> **Required action**:
Where the line containing "Justice League Dark" appears below, begin there and reproduce each line exactly through the last one, omitting pictures.

> **Available data**:

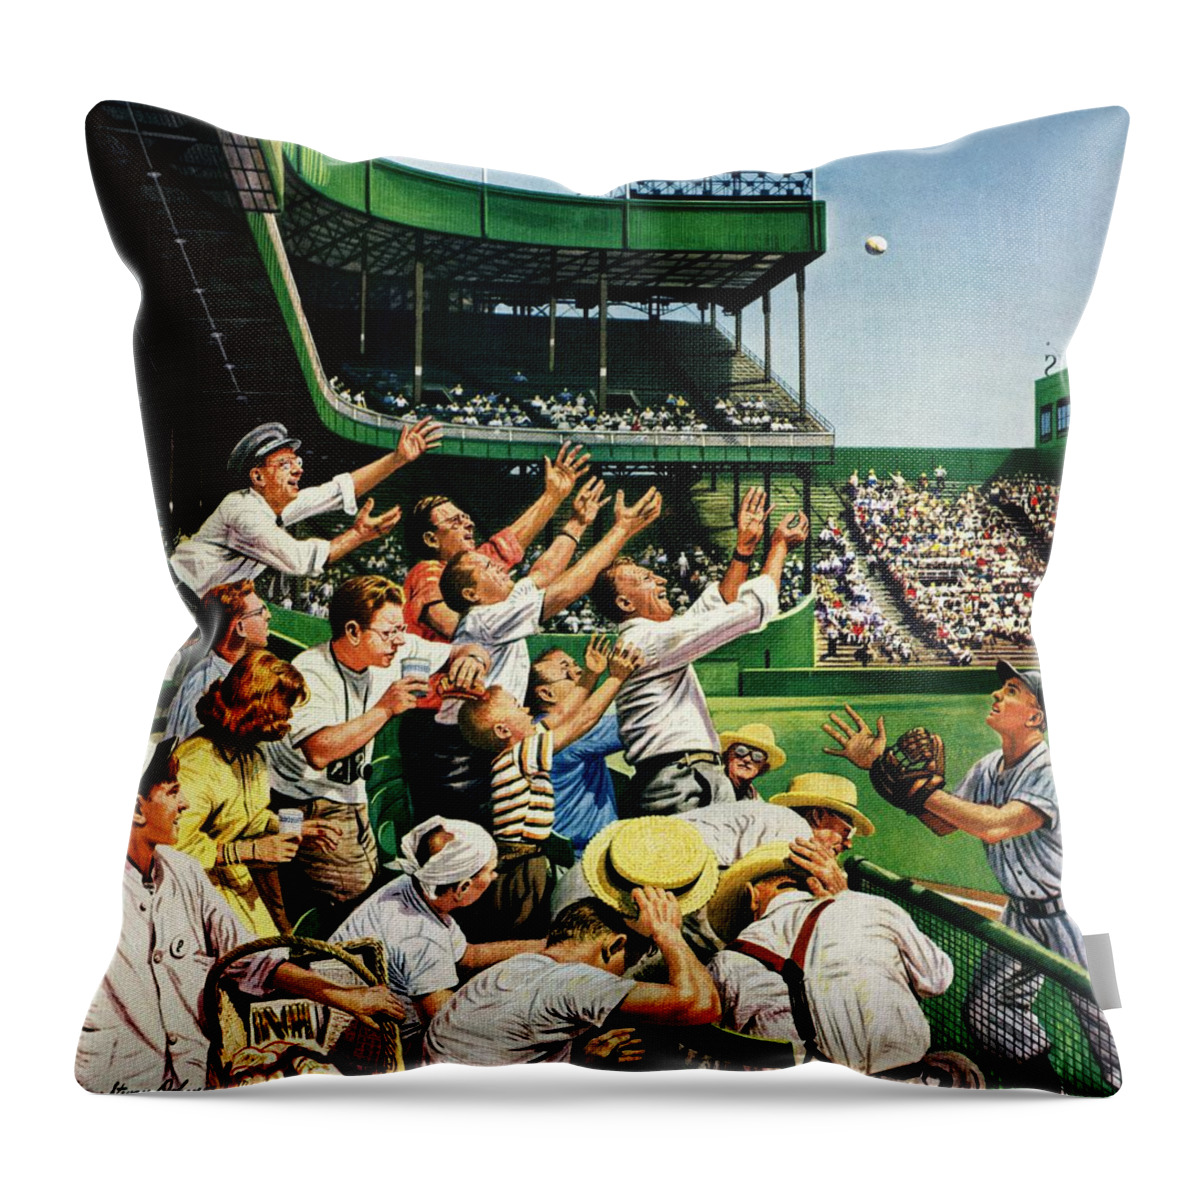 Baseball Throw Pillow featuring the drawing Catching Home Run Ball by Stevan Dohanos
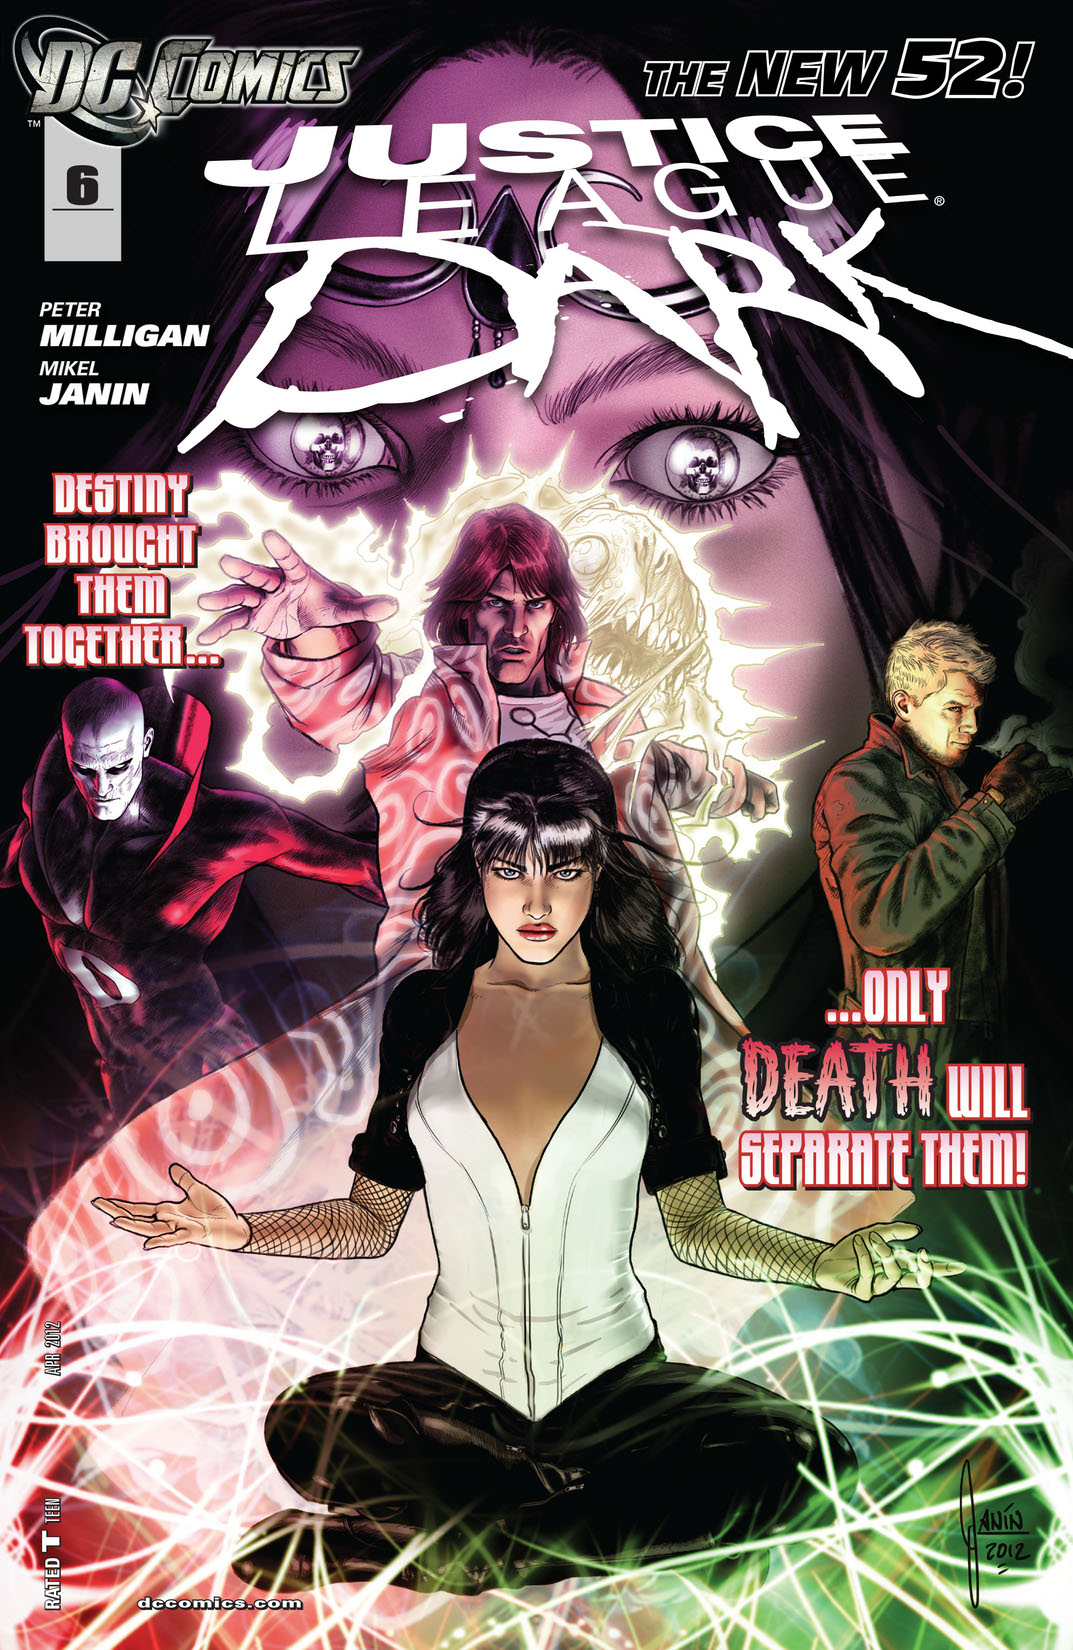 Justice League Dark (2011-) #6 preview images
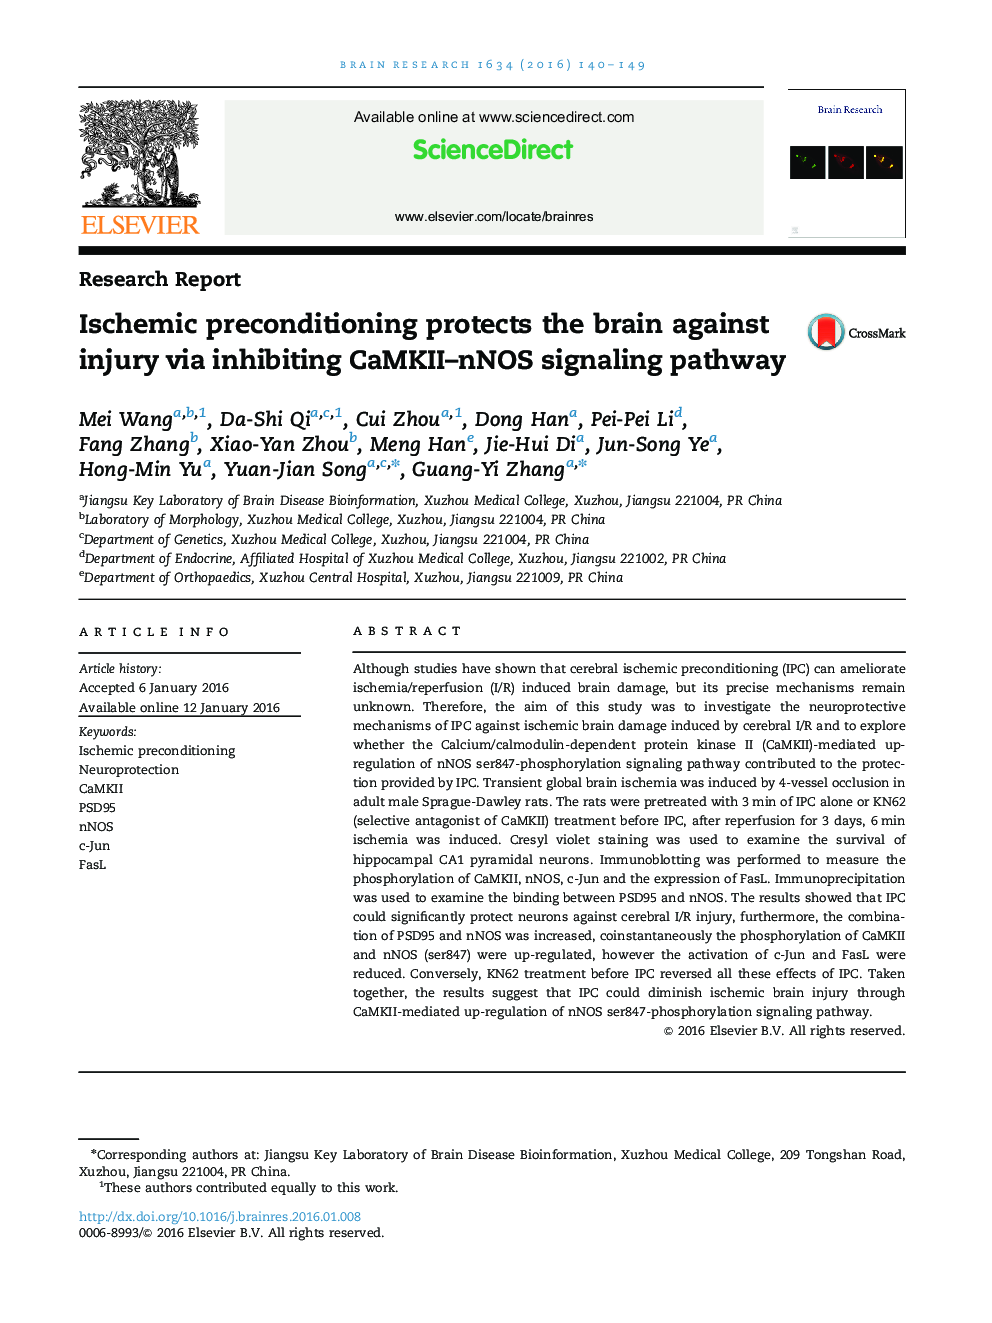 Ischemic preconditioning protects the brain against injury via inhibiting CaMKII–nNOS signaling pathway
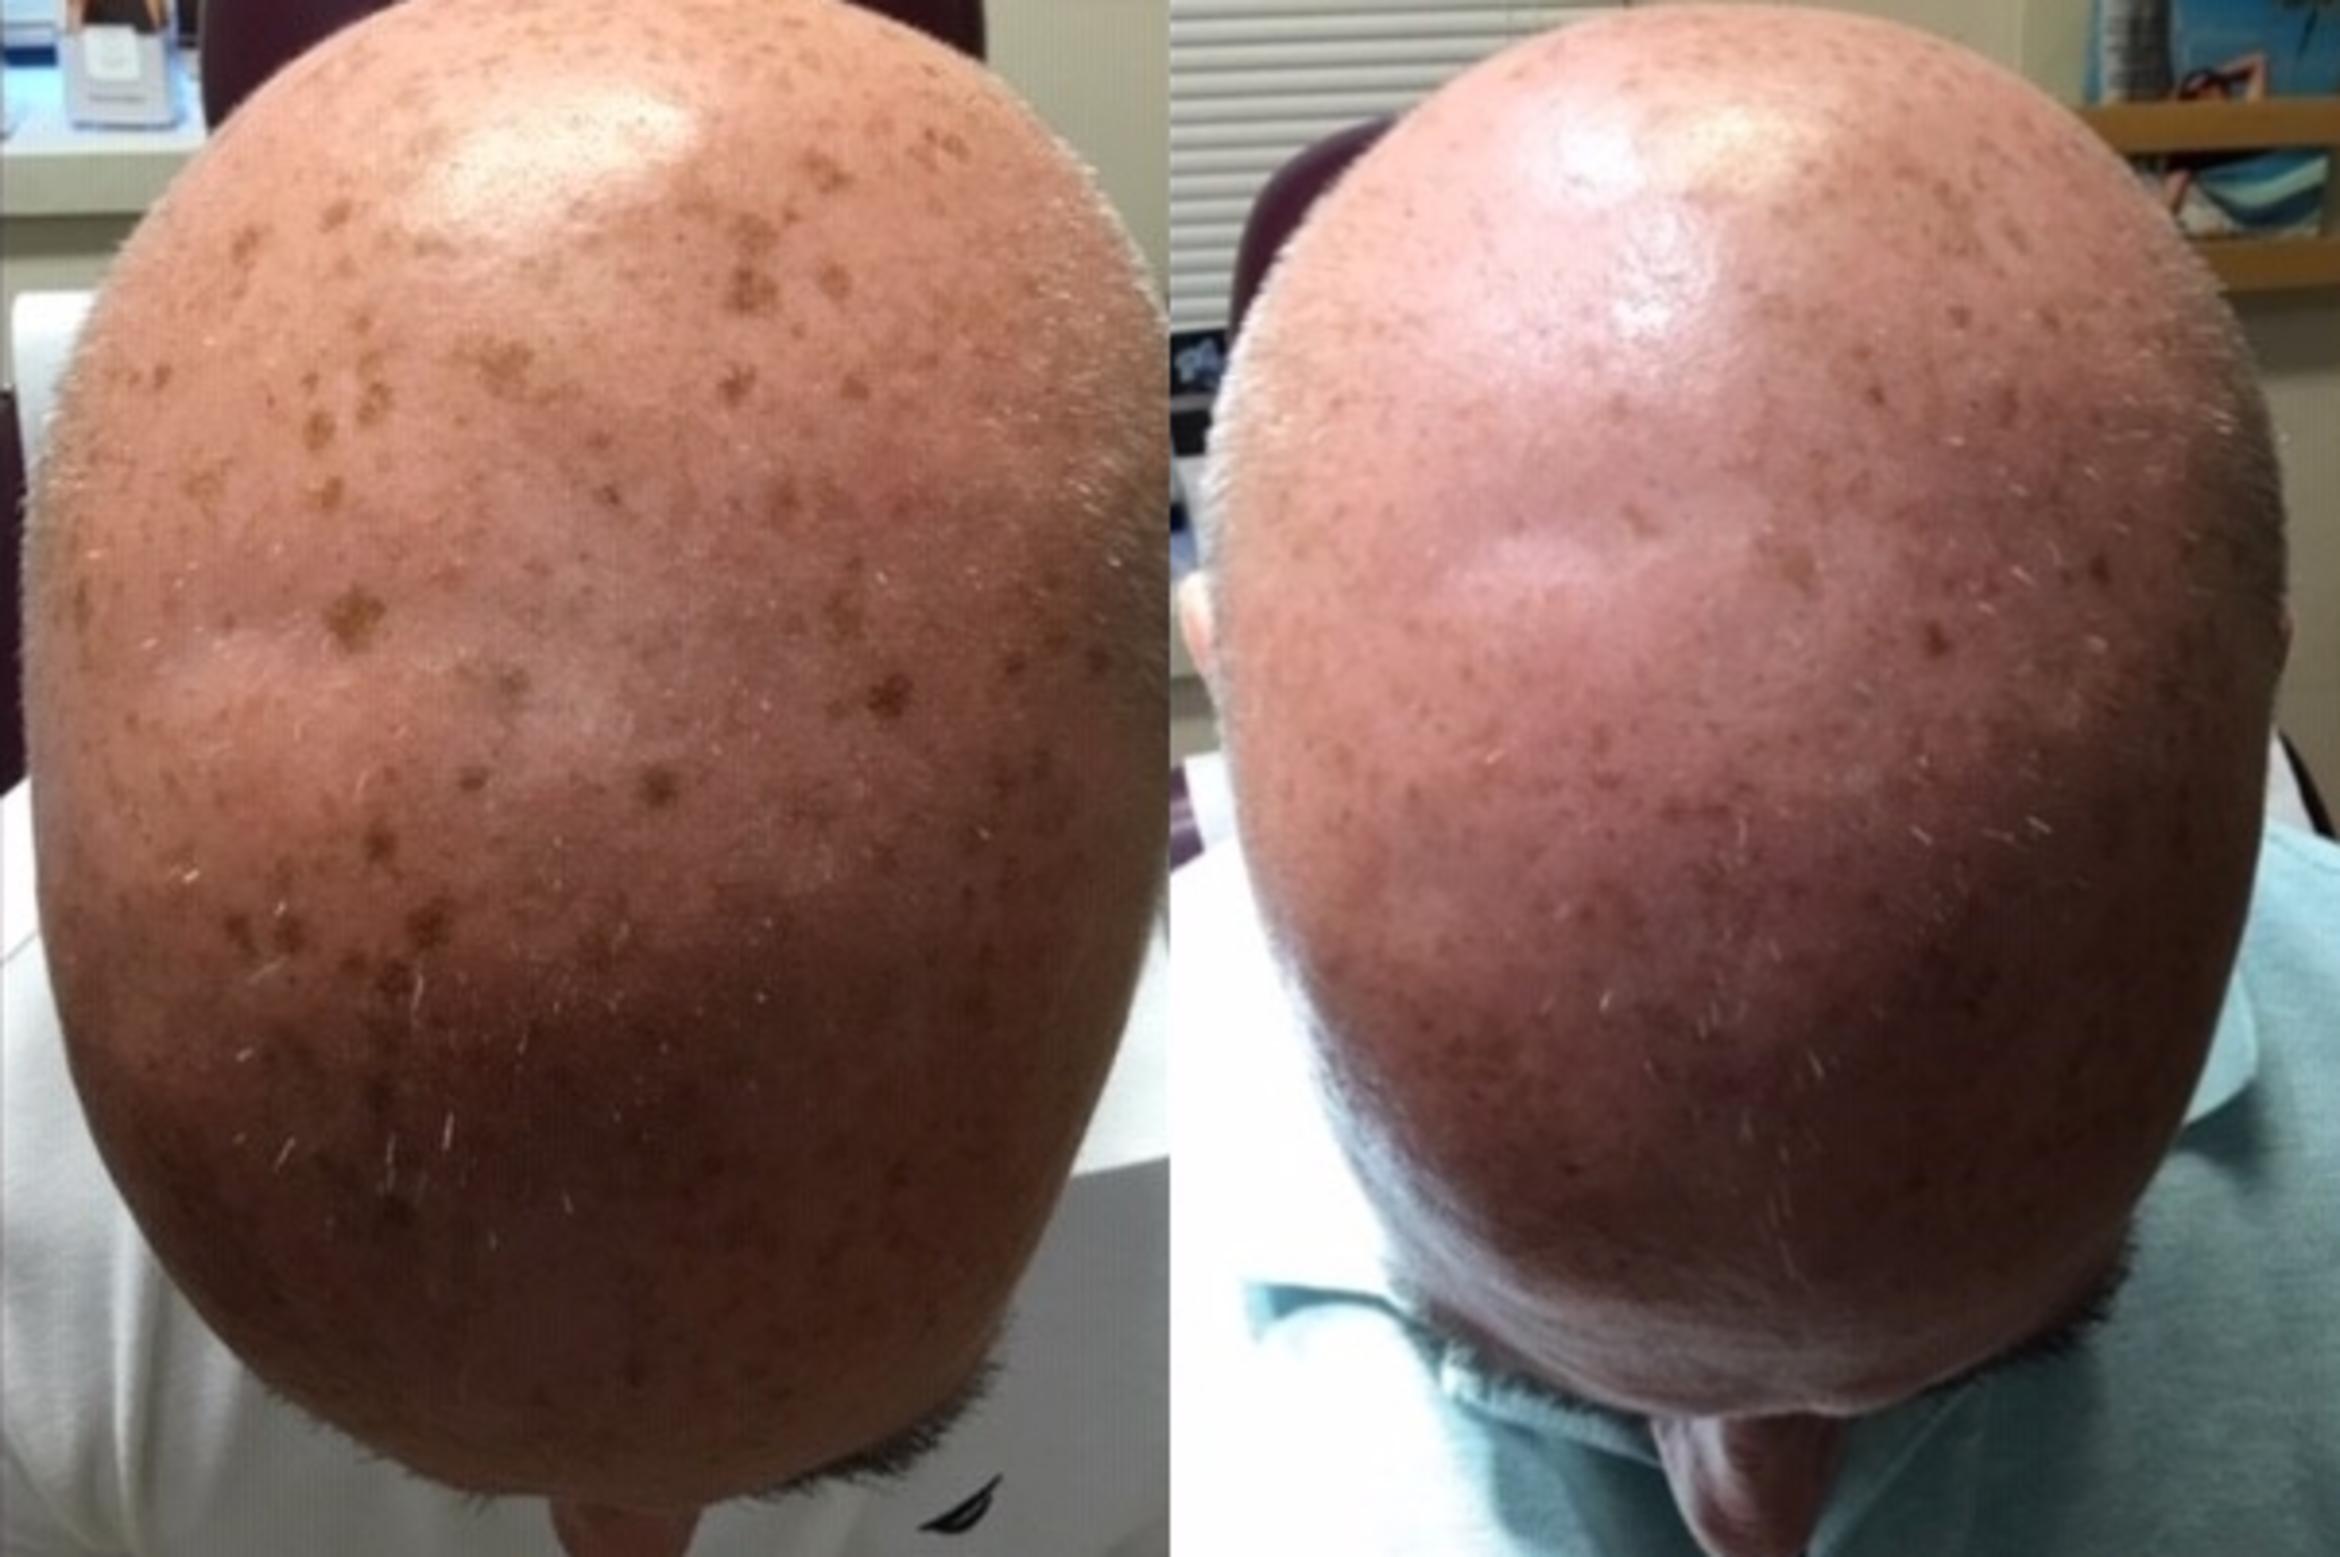 Laser Sunspot Removal Before & After Photo | New Jersey & Pennsylvania,  | The Derm Group

> **Completed task**:
 Justice League Dark (2011-) #6 preview images
 Ischemic preconditioning protects the brain against injury via inhibiting CaMKII–nNOS signaling pathway
 Laser Sunspot Removal Before & After Photo | New Jersey & Pennsylvania,  | The Derm Group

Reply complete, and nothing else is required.